What are the onboarding barriers for remote permanent employees?

As we continue on our path out of lockdown and, hopefully, back to normality, many tech leaders are wondering what the future looks like for the physical office. With both employees and employers being thrust into a ‘wfh’ situation due to the global pandemic, we all saw the benefits of remote working and many found it increased productivity and performance.

Companies of all sizes and in all sectors, from tech to finance and even consumer-facing brands, are embracing the balance of splitting the working week into part working remotely and part working from an office.

Though working remotely ins’t without its challenges, and although it enables employers to widen their talent pool and surpass geographical barriers to hire and create diverse tech teams, creating a successful remote onboarding plan can be hard to manage.

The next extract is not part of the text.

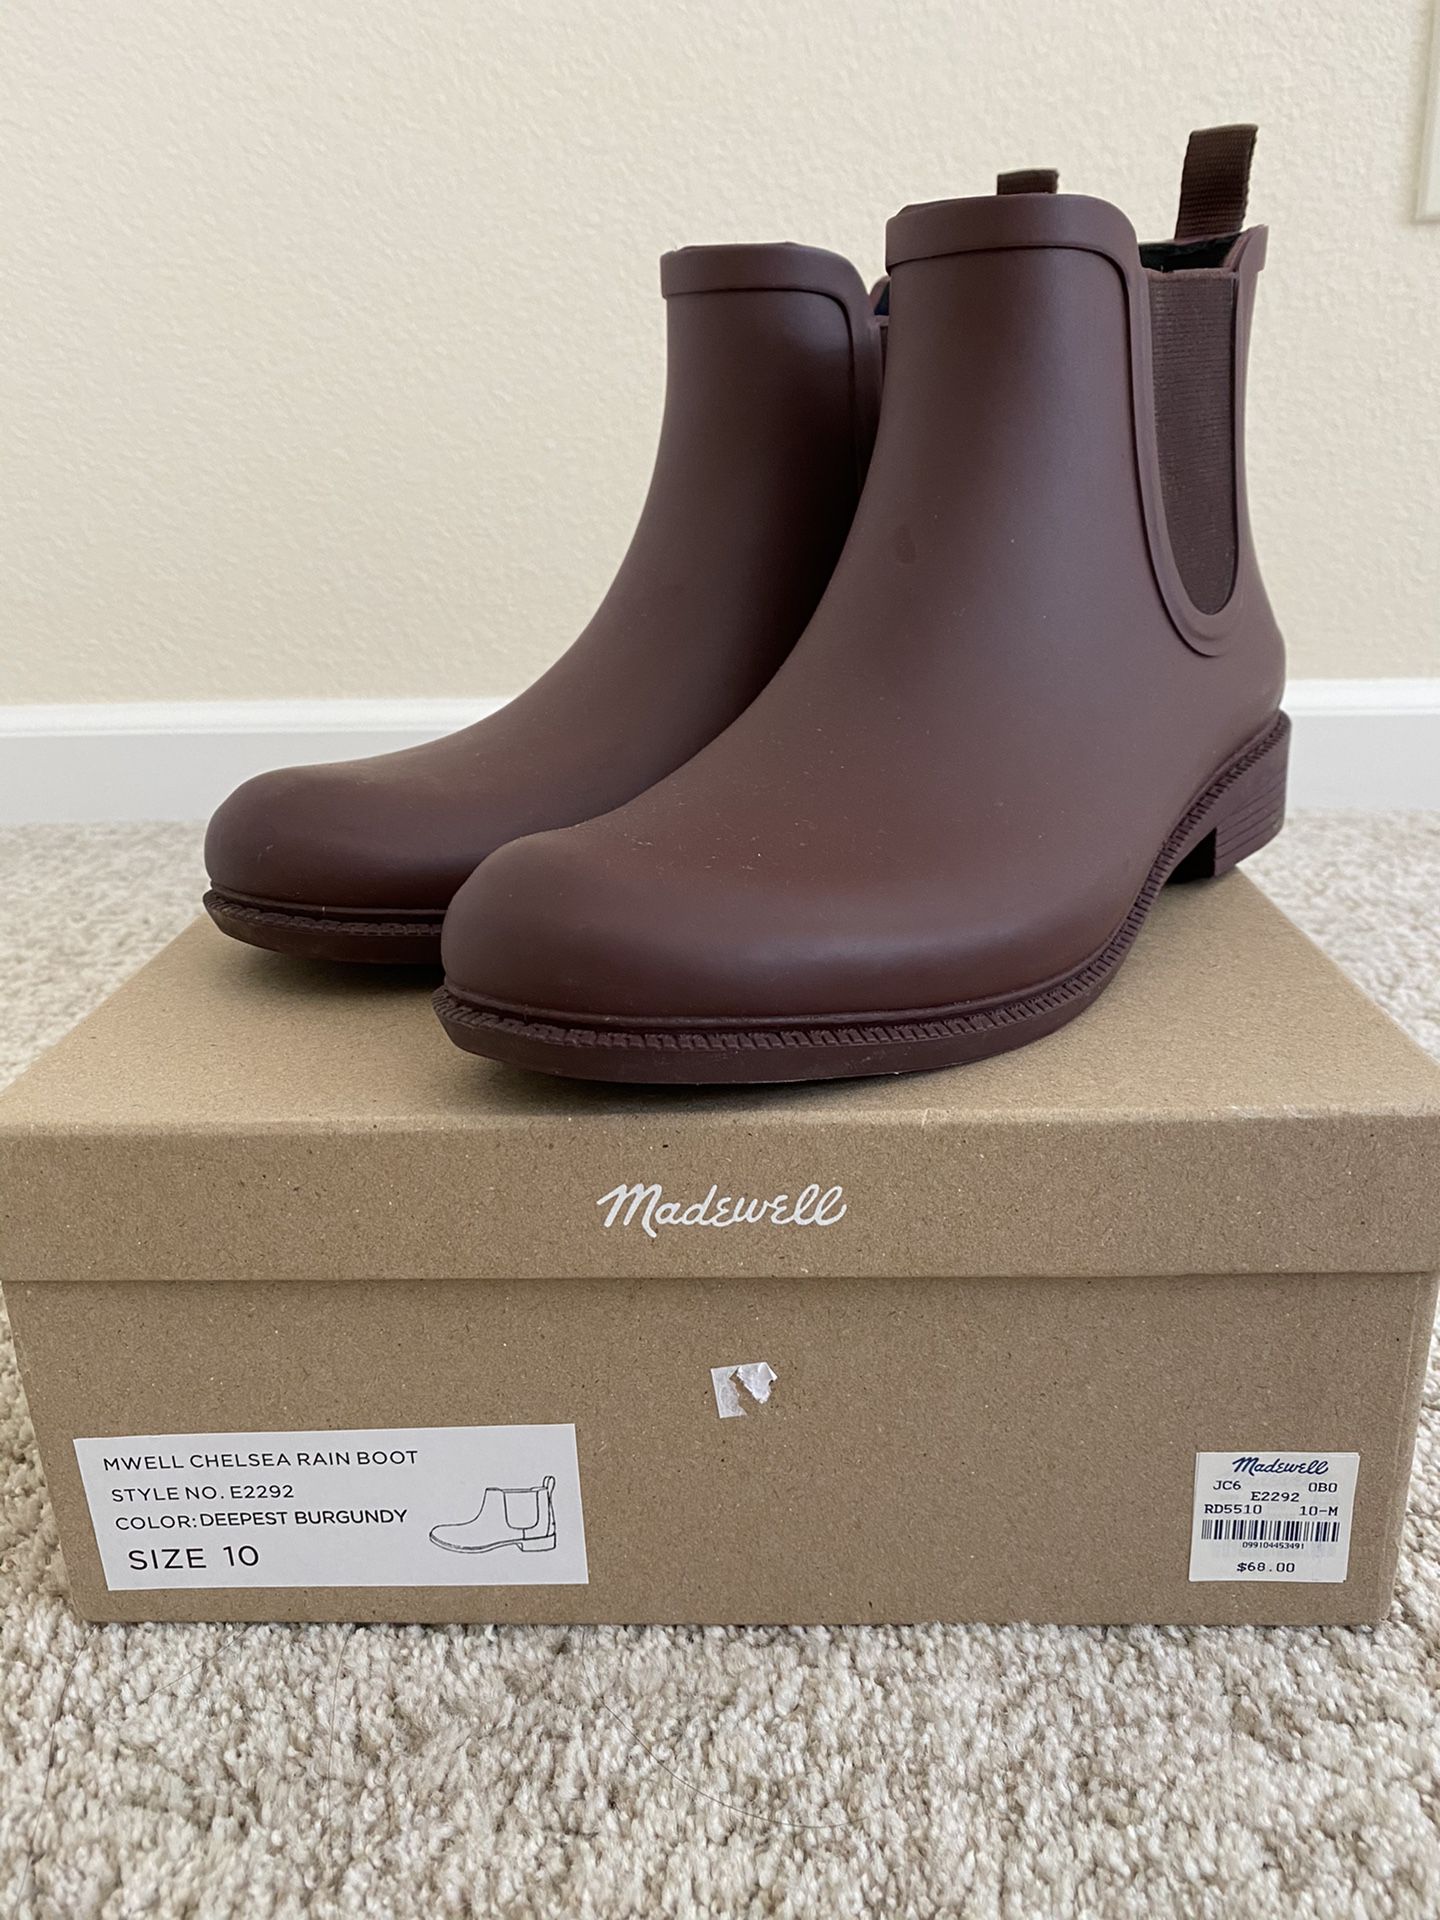 Madewell women’s Chelsea rain boots/booties. Size 10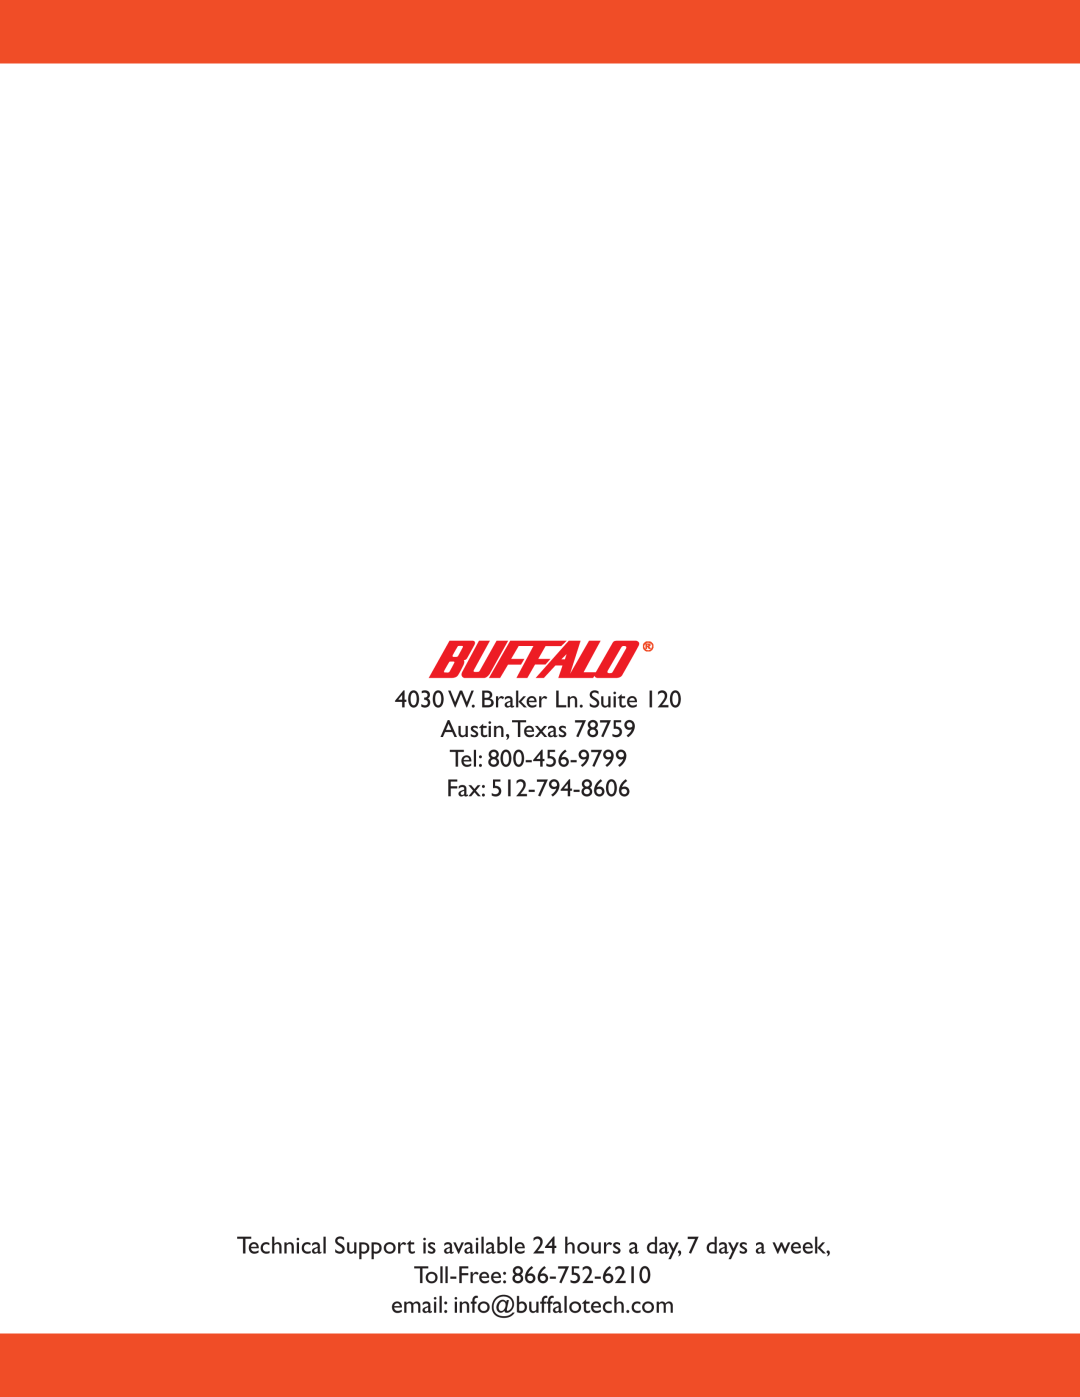 Buffalo Technology WLA2-G54 user manual 4030 W. Braker Ln. Suite Austin,Texas Tel Fax, Toll-Free email info@buffalotech.com

To minimise disruption and a sense of disconnection for new employees, tech leaders must overcome certain obstacles in order to attract and retain high-calibre talent moving-forward, as according to LinkedIn:

  • 79% of talent professionals agree that remote work will be very important in shaping the future of recruiting
  • 84% of talent professionals think virtual recruiting will continue post-Covid

It is evidently clear that remote working is here to stay and as a result, it’s important that tech employers adapt their existing operational methodology to accommodate a remote or, at the very least, a hybrid working model.

Challenges of starting a new job remotely:

For employees starting a new job remotely, onboarding is critical. It’s a challenge starting any new job, but if you haven’t set foot in an office or met a single colleague in anything other than a virtual meeting, there are more barriers to consider, including:

  • Lack of face-to-face supervision

When starting a new job, face-to-face time, feedback and opportunities to ‘check-in’ are crucial, possibly more so when you’re not in the same room.

  • Lack of access to information

Simple tasks like finding online files or absorbing information that is often floating in conversation across the office just don’t happen; we need to compensate for this.

  • Social isolation

Loneliness is a significant factor when working from home, with 19% of workers citing this as their biggest struggle.

  • Distractions at home

We’ve all been there, whether it’s a pet, a child or an Amazon delivery distracting our day. Make allowances for your colleagues who are working and onboarding remotely.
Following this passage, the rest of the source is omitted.